SO YOU THINK YOU
KNOW NEW YORK CITY

A few strange facts and stories that even a seasoned New Yorker might not know.

• There are more than 2,000 bridges in New York City. Two of them are retractile, meaning they can slide open or even be pulled ashore to let ships through.

• The life-size bronze elephant that stands in the United Nations Sculpture Garden on 46th Street was given to the U.N. in 1998 by the governments of Kenya, Namibia, and Nepal. But the anatomically correct animal sports a two-foot long…um…appendage. Today, plants strategically hide the controversial body part, but sadly, the garden is closed. You can still glimpse his front quarters from the street, though.

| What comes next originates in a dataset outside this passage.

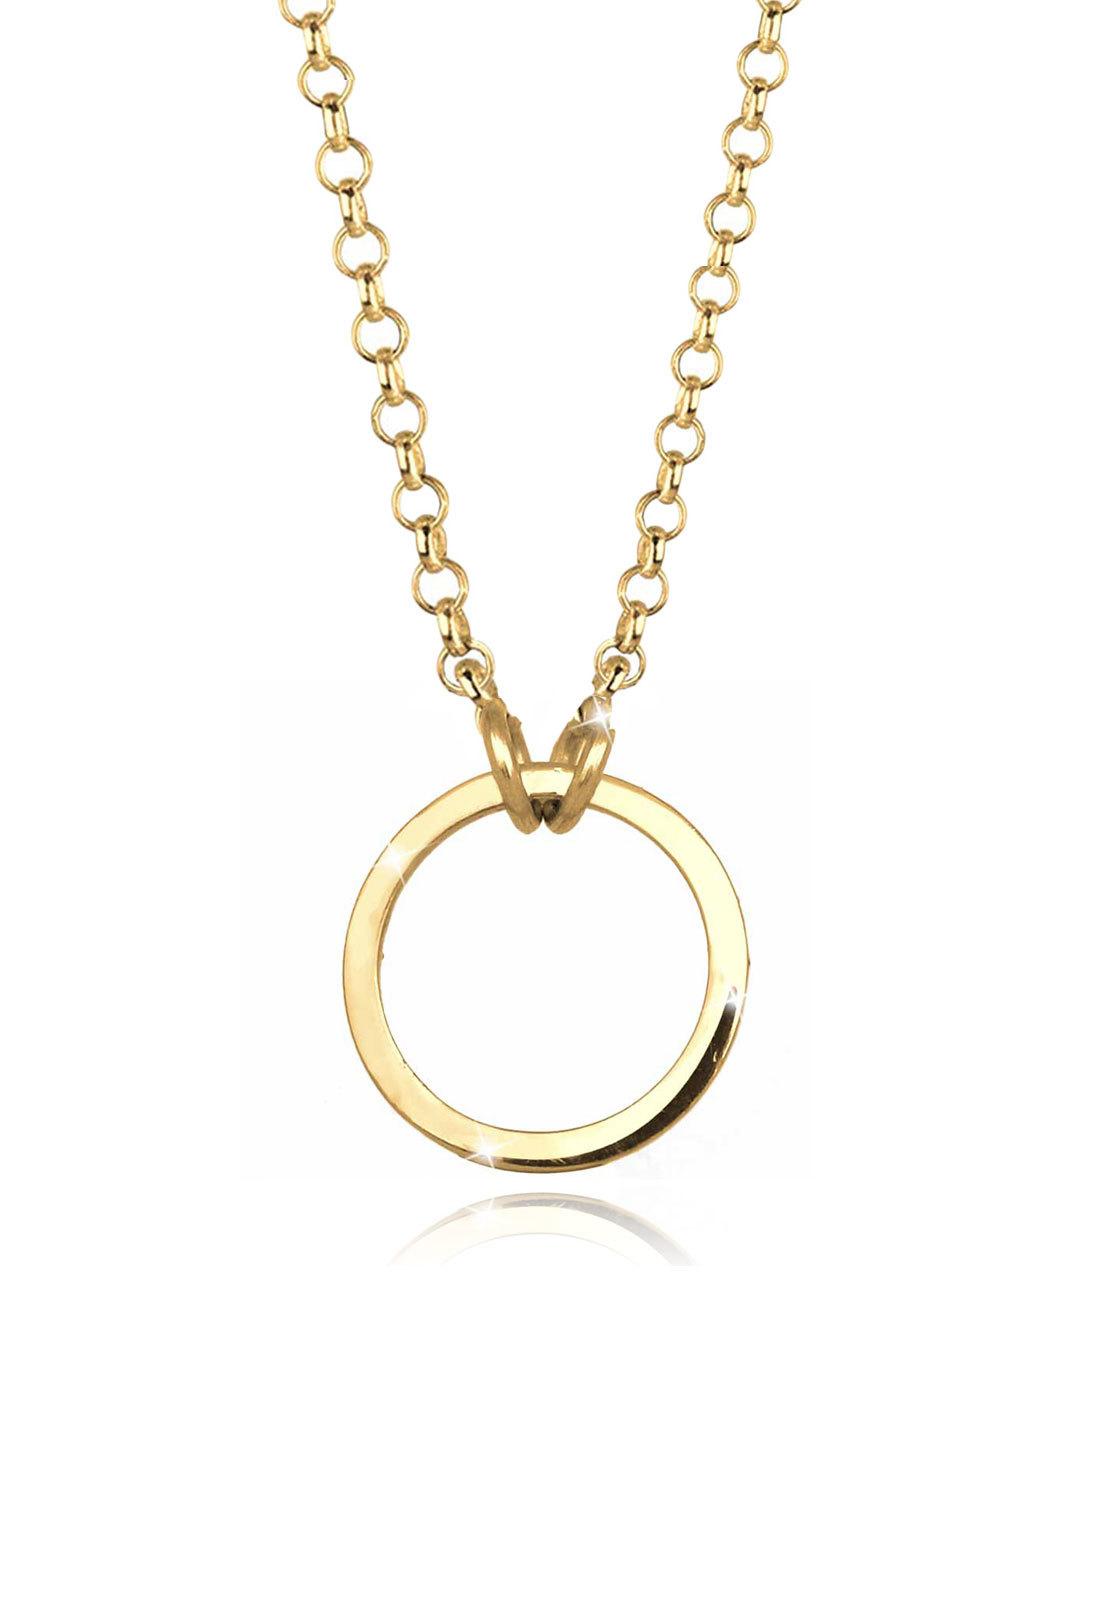 Charmträger | 925 Sterling Silber vergoldet

• Why are water towers and tanks so common on the rooftops of New York buildings? Because a water code from the 19th century specifies that all New York City buildings over six stories must have individual water storage enough to douse a fire above the sixth floor. Aqueducts and water pressure can take care of the first six floors; the amount of extra water and the size of the tank are commensurate with the number of extra floors.

• You can’t fly directly to California from LaGuardia Airport. A Perimeter Rule set by the Port Authority limits the number of miles an airplane can fly nonstop out of LaGuardia. Maximum: 1,500. After Flushing airport closed in 1984, most of its traffic was diverted to LaGuardia, so the Port Authority instituted the Perimeter Rule to avoid overcrowding. Two exceptions: 1) There is no cap on Saturday, and 2) the rule doesn’t apply to flights to Denver (just over 1,700 miles) and some parts of the Caribbean—because nonstops from LaGuardia to those places were allowed before the rule was made.

• The next total solar eclipse visible from New York will happen on May 1, 2079.

In 1918 cartoonist Robert Ripley introduced his “Believe It or Not” feature in the New York Globe.